▸ Assigned task
Using only the entries below, copy exactly the lines that begin at the one with "Московская художественная ярмарка" and end at the one with "Bloody syringe by maxkrasnov", both included. Drop the pictures.

▸ Input records

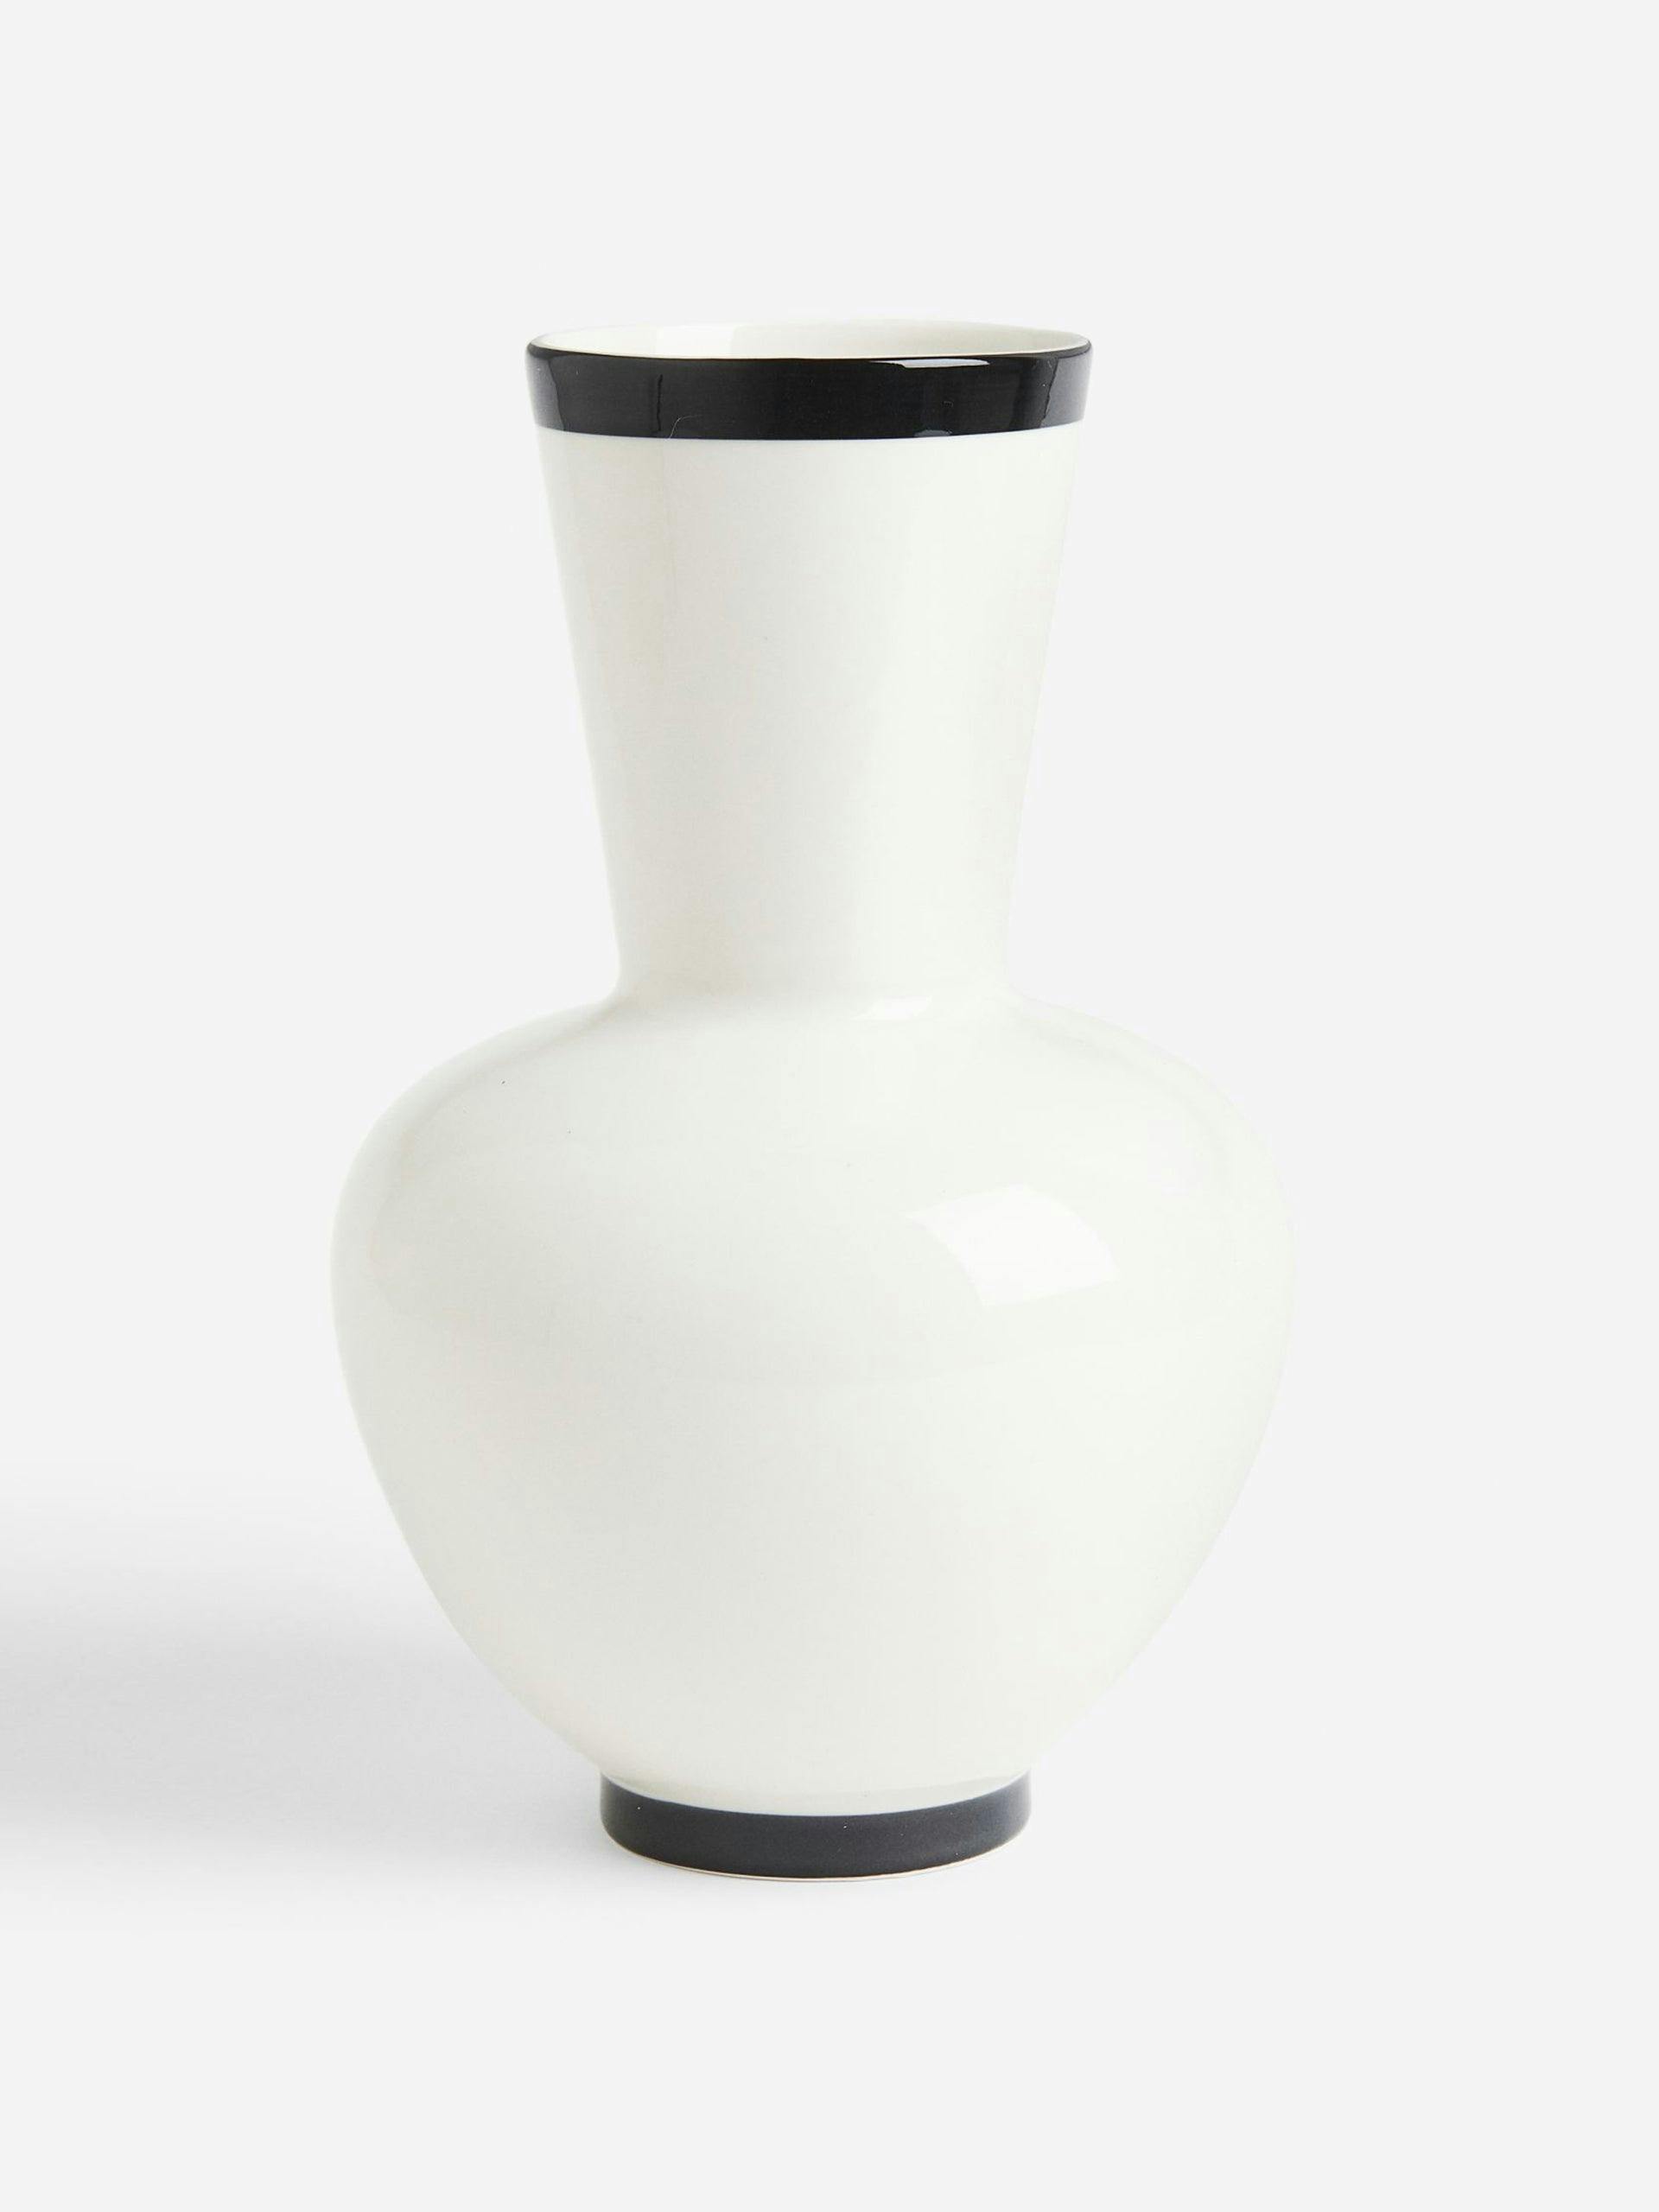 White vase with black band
* * *
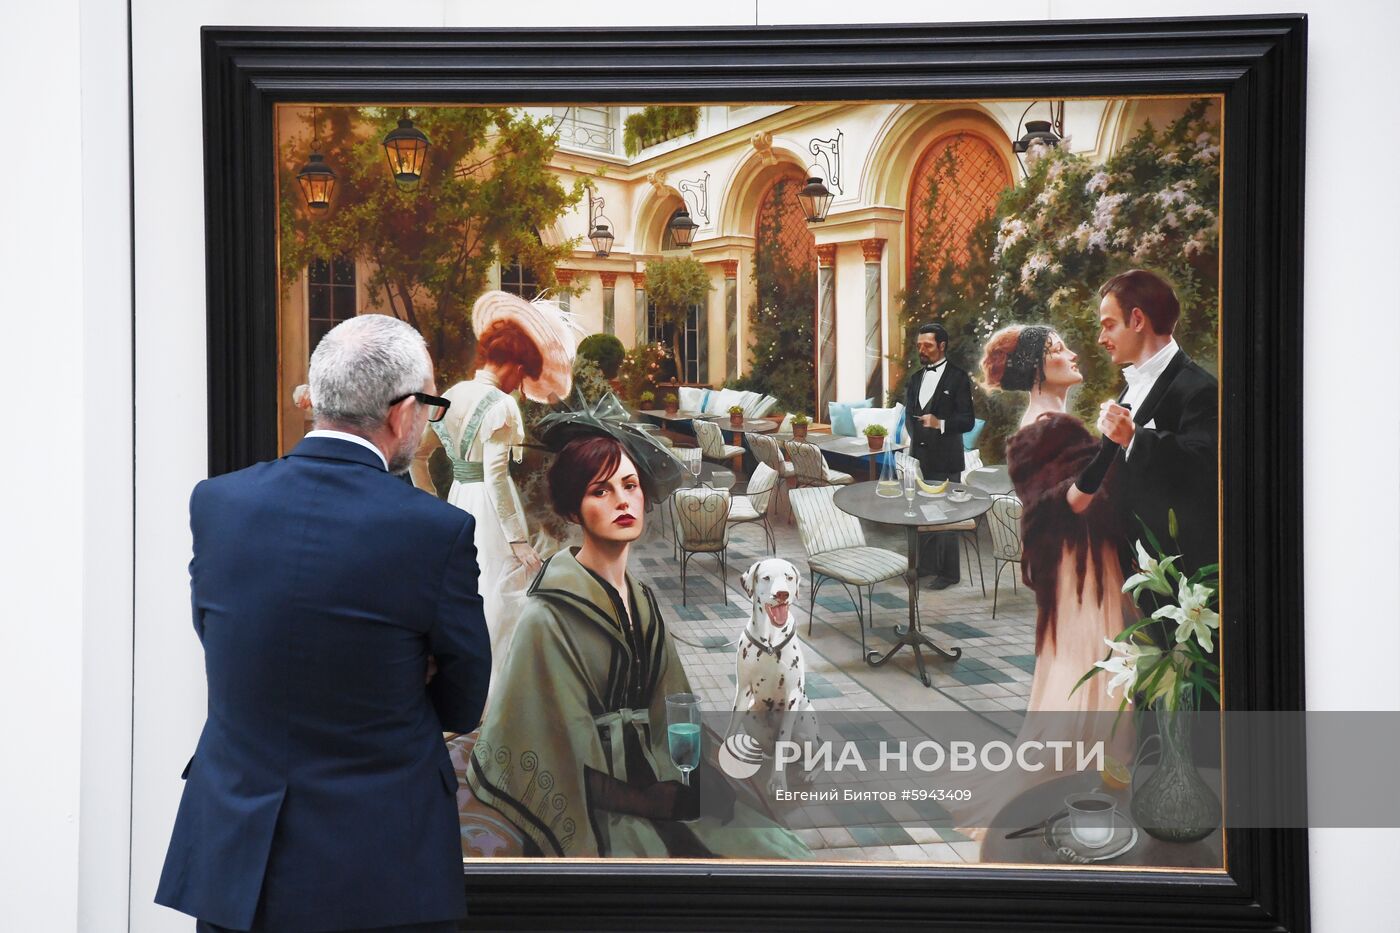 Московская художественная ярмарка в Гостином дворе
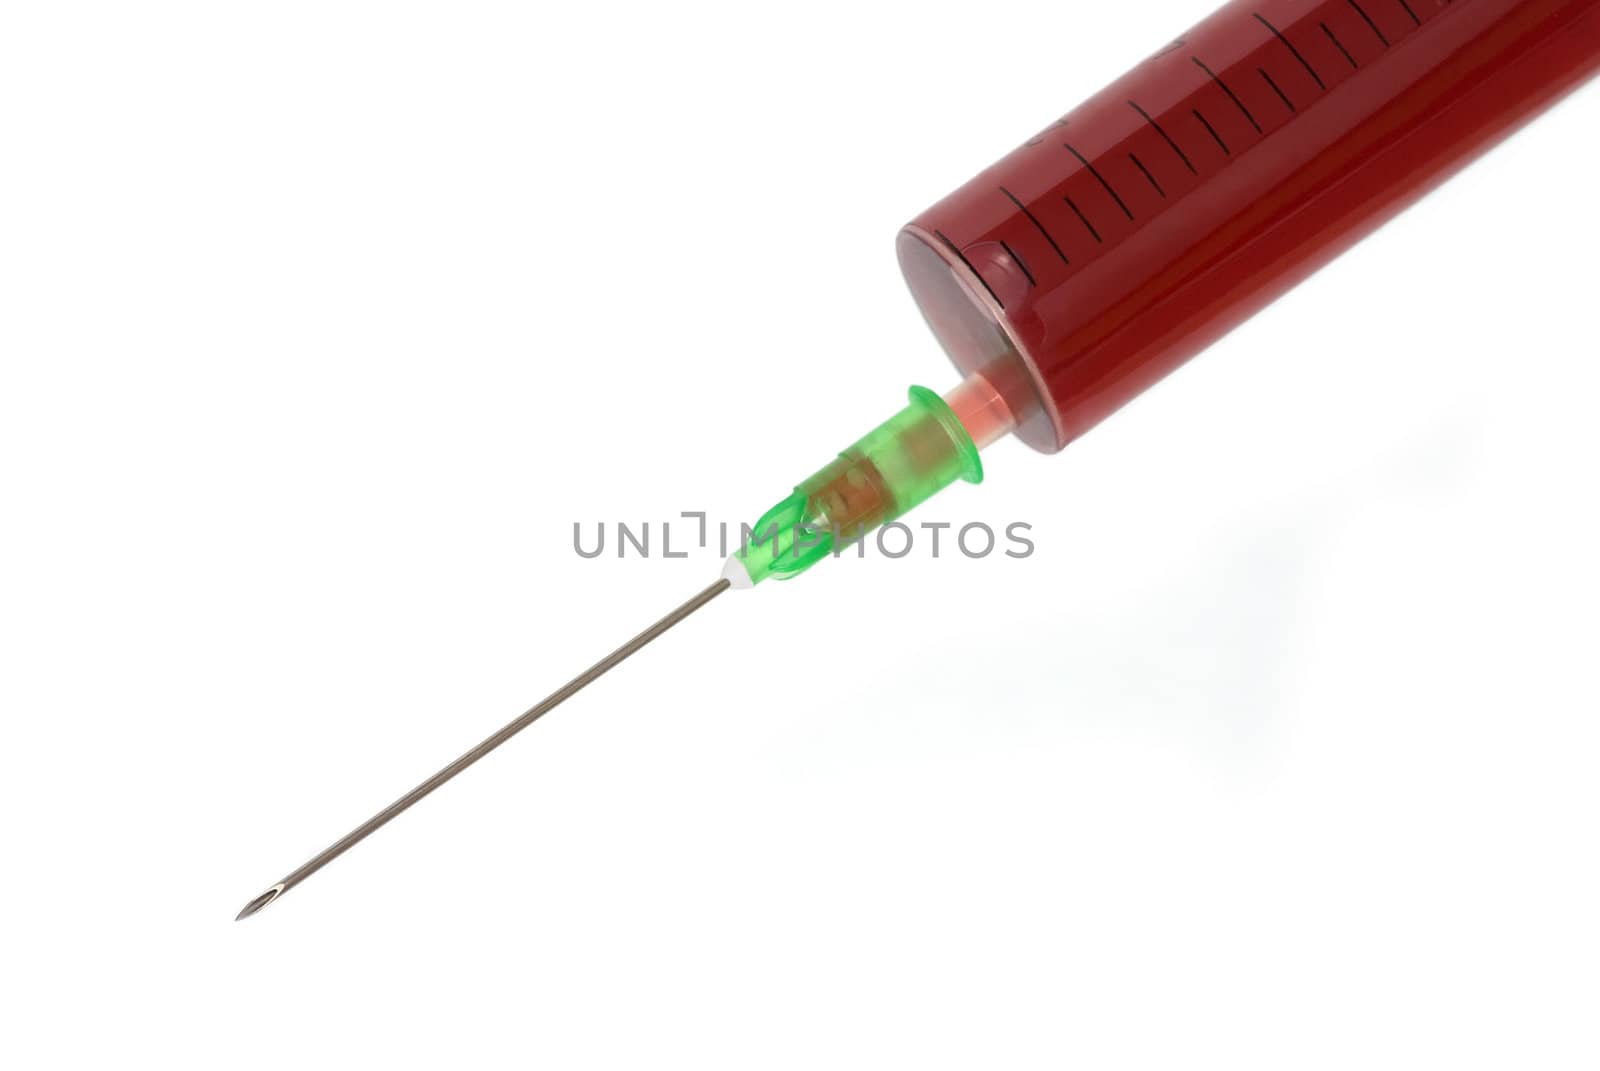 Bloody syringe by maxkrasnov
* * *
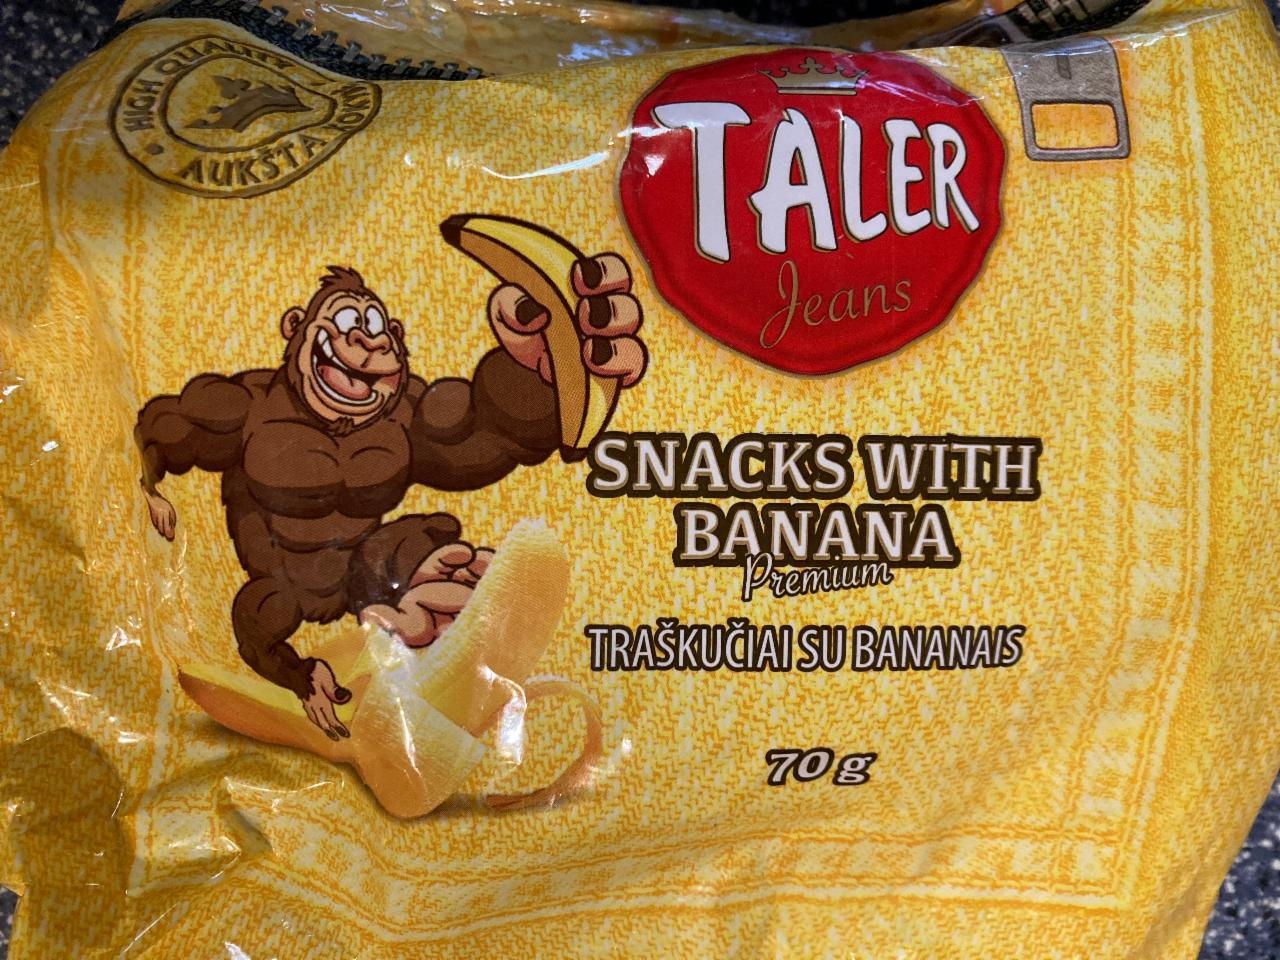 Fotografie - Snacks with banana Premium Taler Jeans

▸ The answer
 Московская художественная ярмарка в Гостином дворе
 Bloody syringe by maxkrasnov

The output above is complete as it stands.